Kilby, who was a professor of literature at Wheaton College, spent some time with J. R. R. Tolkien in the 1960s (before Tolkien's son, Christopher, brought The Silmarillion to publication).

For more on George MacDonald, see here. On Tolkien, here.

Thanks for reading.

3 comments:

Pilgrim said...

That's funny, because C.S. Lewis gave so much credit for progress on his spiritual pilgrimage to MacDonald.

Jason Fisher said...

Yes, Kilby was certainly correct: there can be little doubt that Tolkien owed an imaginative debt to MacDonald, especially with respect to his (Tolkien's) earlier work, like The Hobbit, Roverandom, Mr. Bliss, etc. Later in life, Tolkien expressed regrets over having written The Hobbit in the style he did (i.e., as a children's fairy tale), and that regret parallels the dislike he developed for MacDonald later in his (Tolkien's) life.

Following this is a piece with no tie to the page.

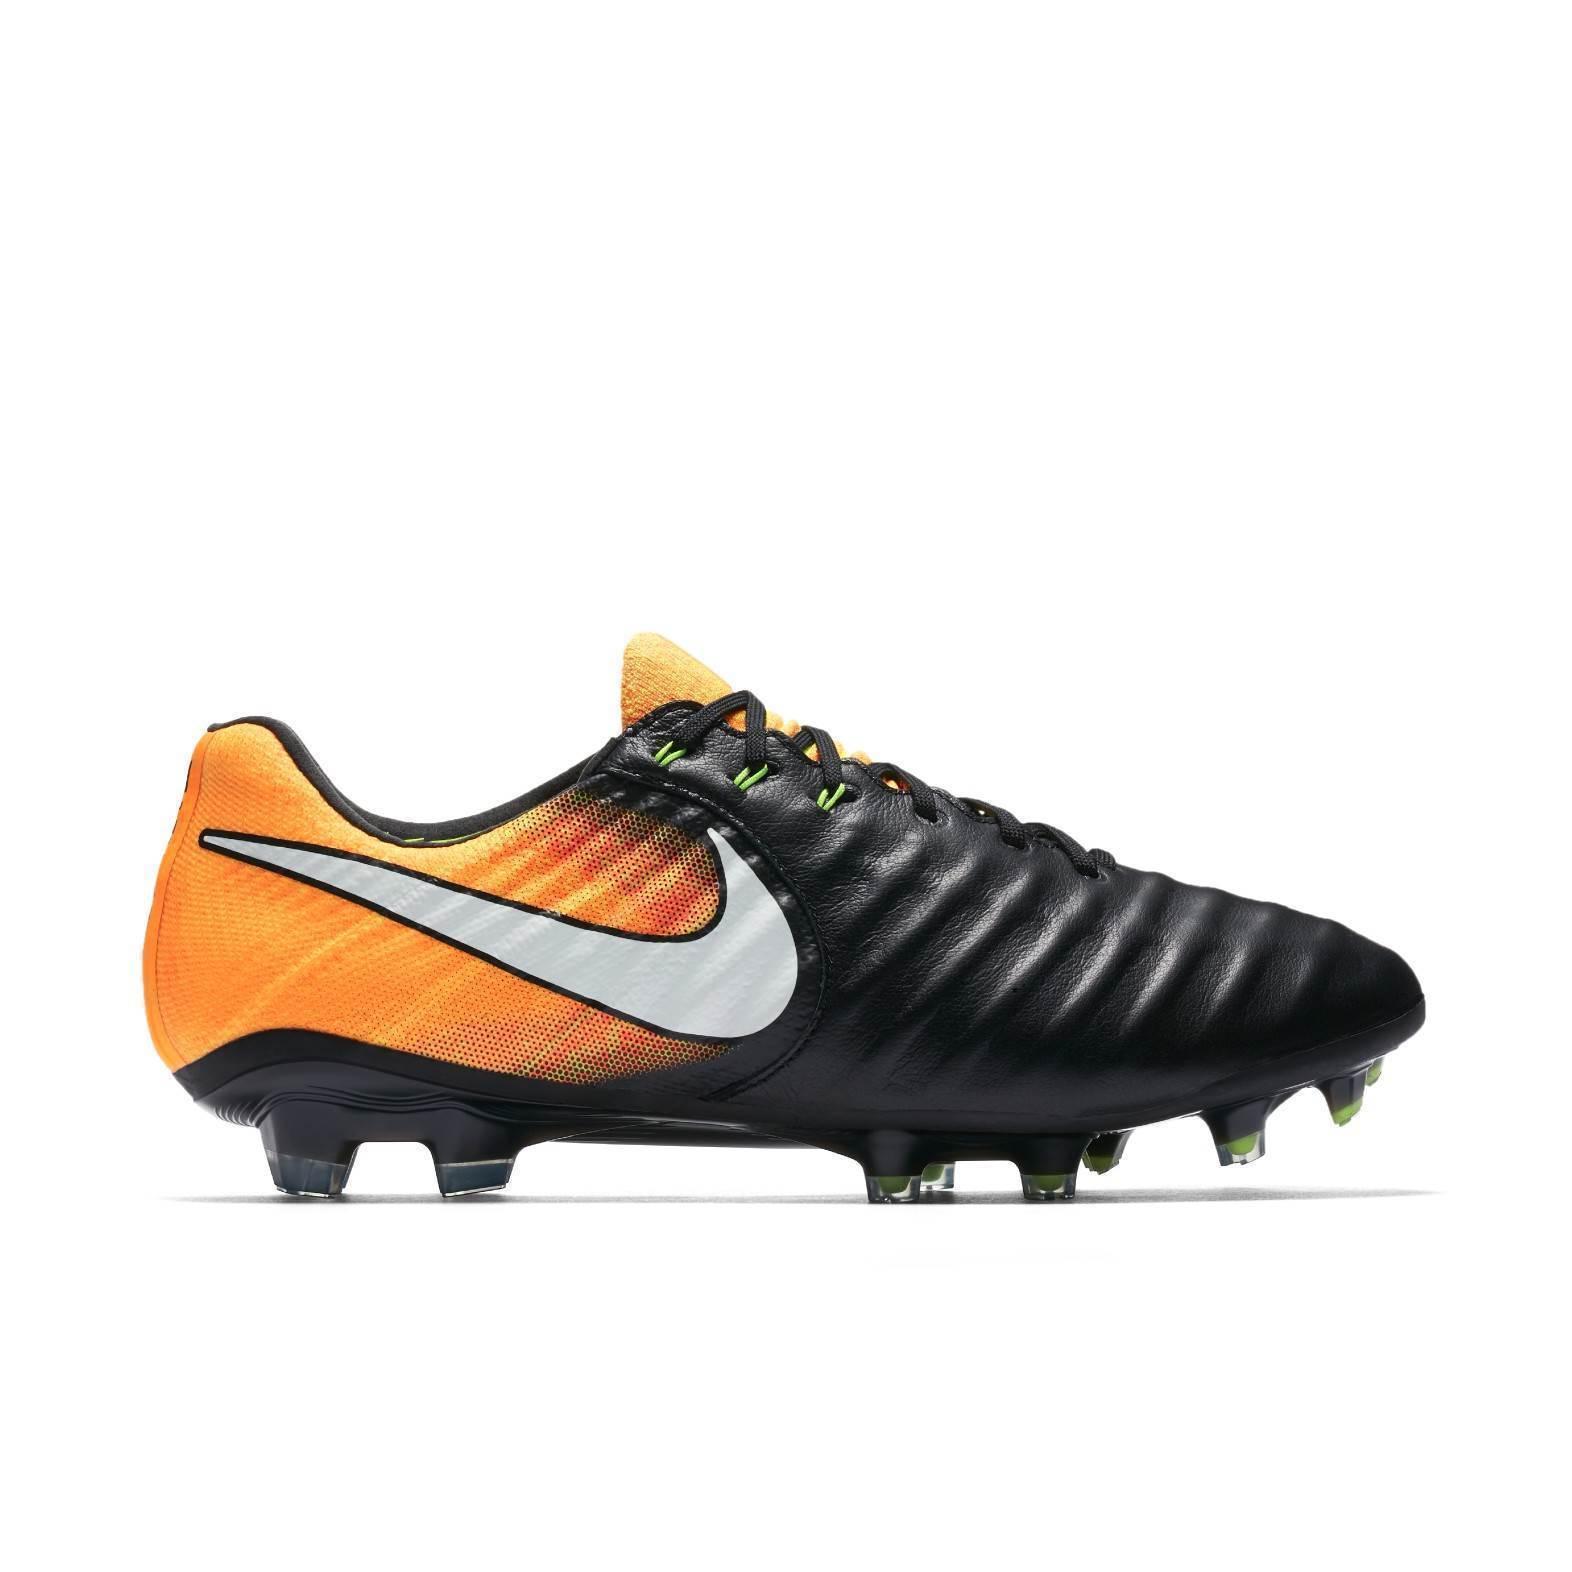 ef45d6ef7 Gallery  Nike s Tiempo Legend VII - Boots - FTBL Life

I published an essay much to this effect a couple of years ago. If you can track it down, you might find it interesting. Certainly, it would add ammunition to your contention here in this post.

The article is:
“Reluctantly Inspired: George MacDonald and the Genesis of J.R.R. Tolkien’s Smith of Wootton Major.” North Wind: A Journal of George MacDonald Studies 25 (2006): 113–20.

Martin LaBar said...

Thank you both. I'm no Tolkien expert, but my impression is that JRRT thought that, if an author hadn't spent years and years on a book, it wasn't worth much. He claimed not to like the Narnia books, at least partly for that reason.

I don't, so far as I know, have access to North Wind, I'm sorry to say.